We can directly store data in the form of objects in a database management system. Application level code needs to be written to handle, store and scan through the data in a file system whereas a DBMS gives us the ability to query the database.
2) Controlling redundancy and inconsistency:
Redundancy refers to repeated instances of the same data. A database system provides redundancy control whereas in a file system, same data may be stored multiple times. For example, if a student is studying two different educational programs in the same college, say ,Engineering and History, then his information such as the phone number and address may be stored multiple times, once in Engineering dept and the other in History dept. Therefore, it increases time taken to access and store data. This may also lead to inconsistent data states in both places. A DBMS uses data normalization to avoid redundancy and duplicates.
3) Efficient memory management and indexing:
DBMS makes complex memory management easy to handle. In file systems, files are indexed in place of objects so query operations require entire file scans whereas in a DBMS , object indexing takes place efficiently through database schema based on any attribute of the data or a data-property. This helps in fast retrieval of data based on the indexed attribute.
4) Concurrency control and transaction management:
Several applications allow user to simultaneously access data. This may lead to inconsistency in data in case files are used. Consider two withdrawal transactions X and Y in which an amount of 100 and 200 is withdrawn from an account A initially containing 1000. Now since these transactions are taking place simultaneously, different transactions may update the account differently. X reads 1000, debits 100, updates the account A to 900, whereas X also reads 1000, debits 200, updates A to 800. In both cases account A has wrong information. This results in data inconsistency. A DBMS provides mechanisms to deal with this kind of data inconsistency while allowing users to access data concurrently. A DBMS implements ACID (Atomicity, Consistency, Isolation, Durability) properties to ensure efficient transaction management without data corruption.
5) Access Control and ease in accessing data:
A DBMS can grant access to various users and determine which part and how much of the data can they access from the database thus removing redundancy. Otherwise in file system, separate files have to be created for each user containing the amount of data that they can access. Moreover, if a user has to extract specific data, then he needs a code/application to process that task in case of file system, e.g. Suppose a manager needs a list of all employees having salary greater than X. Then we need to write business logic for the same in case data is stored in files. In case of DBMS, it provides easy access of data through queries, (e.g., SELECT queries) and whole logic need not be rewritten. Users can specify exactly what they want to extract out of the data.

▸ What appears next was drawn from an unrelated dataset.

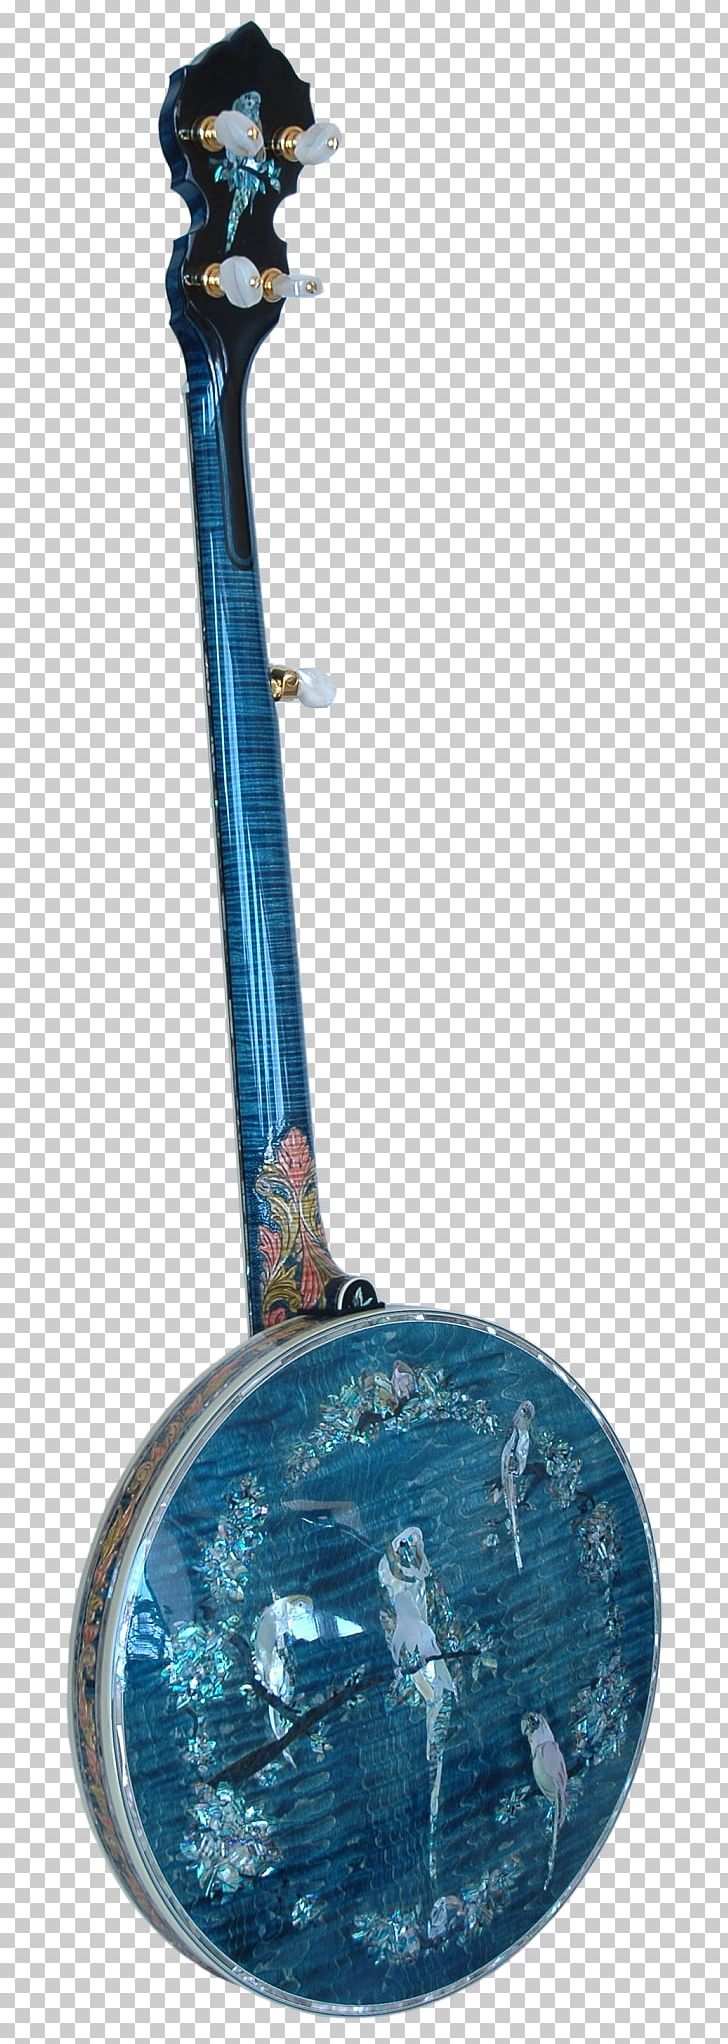 Musical Instruments Ukulele Banjo String Instruments Art PNG, Clipart, Acoustic Guitar, Art, Artist, Banjo, Banjo Uke Free PNG Download

6) Integrity constraints: Data stored in databases must satisfy integrity constraints. For example, Consider a database schema consisting of the various educational programs offered by a university such as(B.Tech/M.Tech/B.Sc/M.Sc/BCA/MCA) etc. Then we have a schema of students enrolled in these programs. A DBMS ensures that it is only out of one of the programs offered schema , that the student is enrolled in, i.e. Not anything out of the blue. Hence, database integrity is preserved.
Apart from the above mentioned features a database management also provides the following:
• Multiple User Interface
• Data scalability, expandability and flexibility: We can change schema of the database, all schema will be updated according to it.
• Overall the time for developing an application is reduced.
• Security: Simplifies data storage as it is possible to assign security permissions allowing restricted access to data.